**HOW TO COMPLETE THIS TASK**
Give back the lines below exactly, but do not include any pictures.

**INFORMATION SUPPLIED**
Segment Open

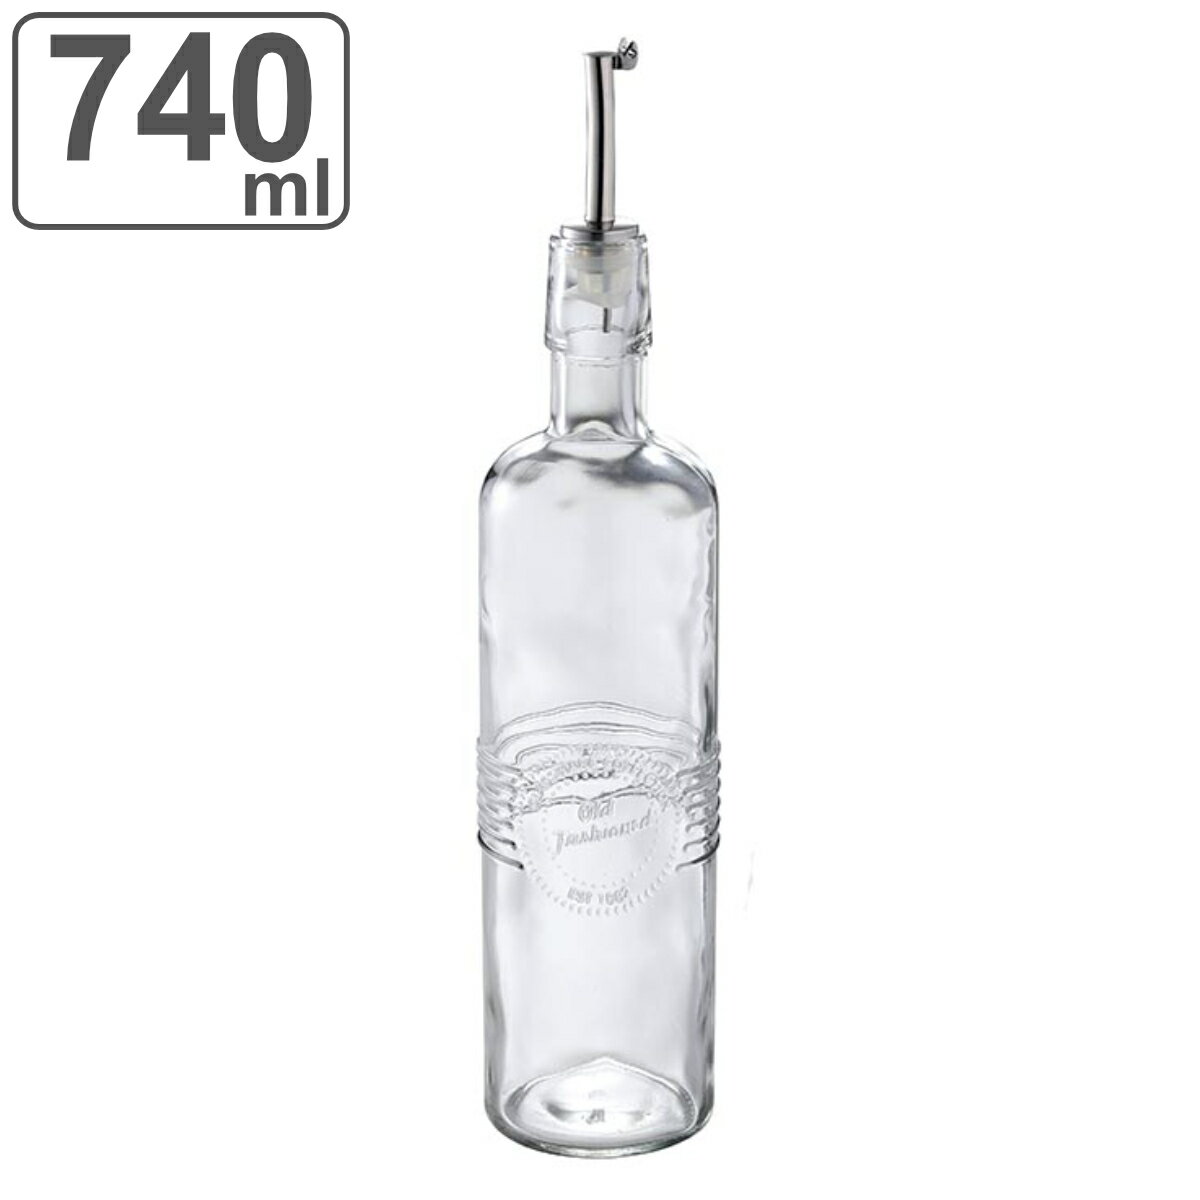 調味料入れ 740ml ガラス製 オイル&ビネガージャー L オールドファッション SALUS （ セイラス オイル ビネガー 保存容器 調味料 ボトル ビネガーボトル オイルボトル 詰め替え 調味料ボトル ガラス 740 ミリリットル ）
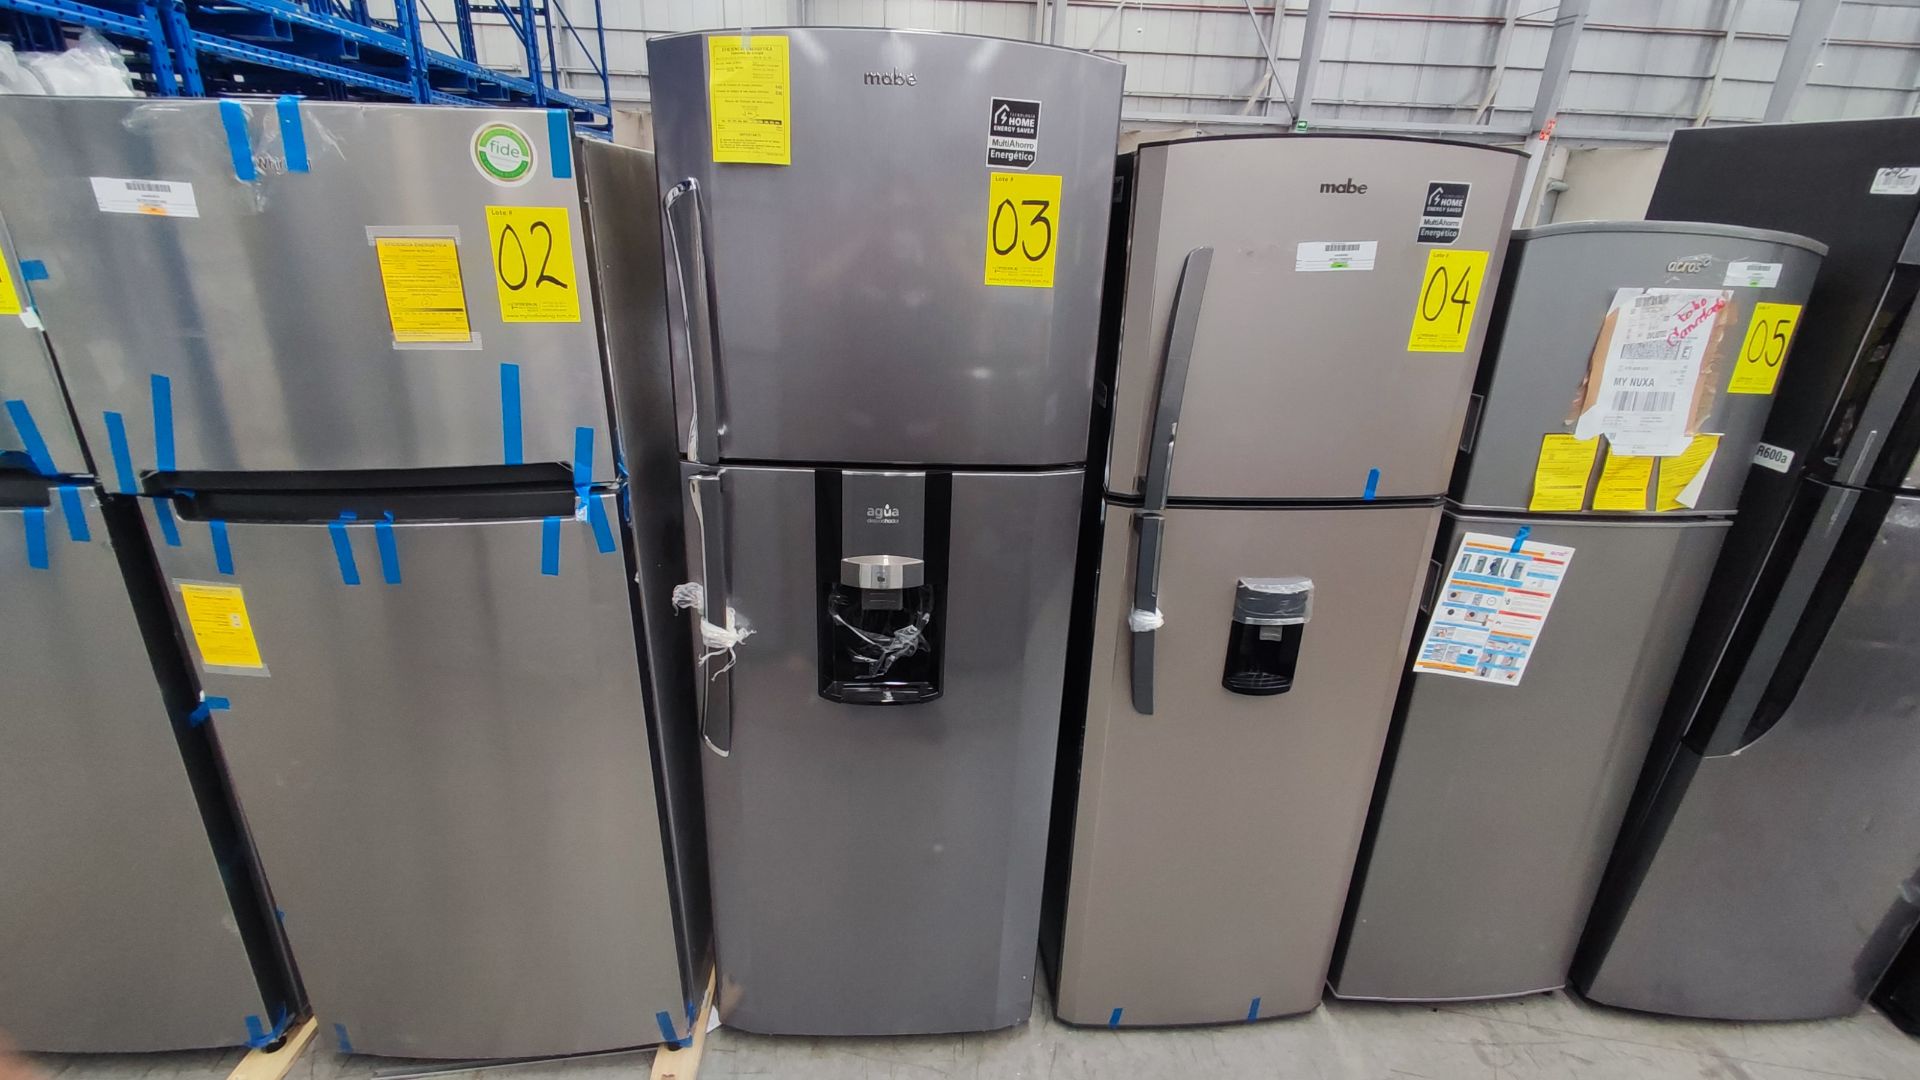 1 Refrigerador Marca Mabe, Modelo RMT400RY, Serie 2111B418085, Color Gris Detalles Estéticos. Favor
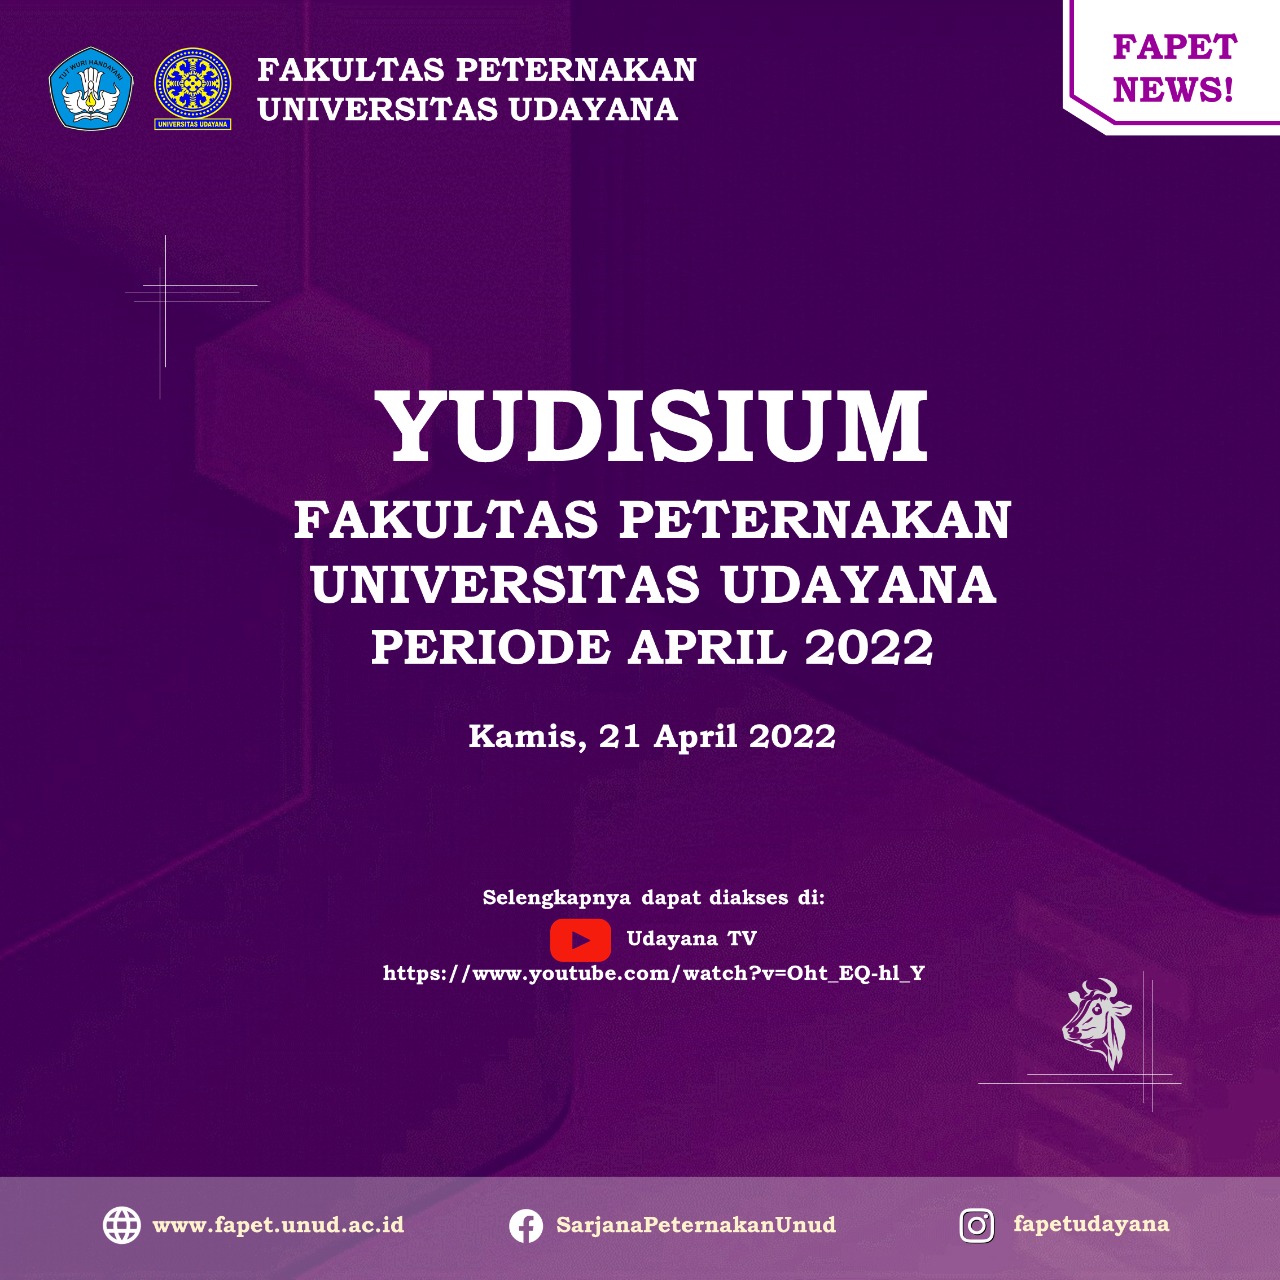 Fakultas Peternakan Universitas Udayana Gelar Yudisium Periode April 2022

Segment Closed

**OUTPUT**
 調味料入れ 740ml ガラス製 オイル&ビネガージャー L オールドファッション SALUS （ セイラス オイル ビネガー 保存容器 調味料 ボトル ビネガーボトル オイルボトル 詰め替え 調味料ボトル ガラス 740 ミリリットル ）
 1 Refrigerador Marca Mabe, Modelo RMT400RY, Serie 2111B418085, Color Gris Detalles Estéticos. Favor
 Fakultas Peternakan Universitas Udayana Gelar Yudisium Periode April 2022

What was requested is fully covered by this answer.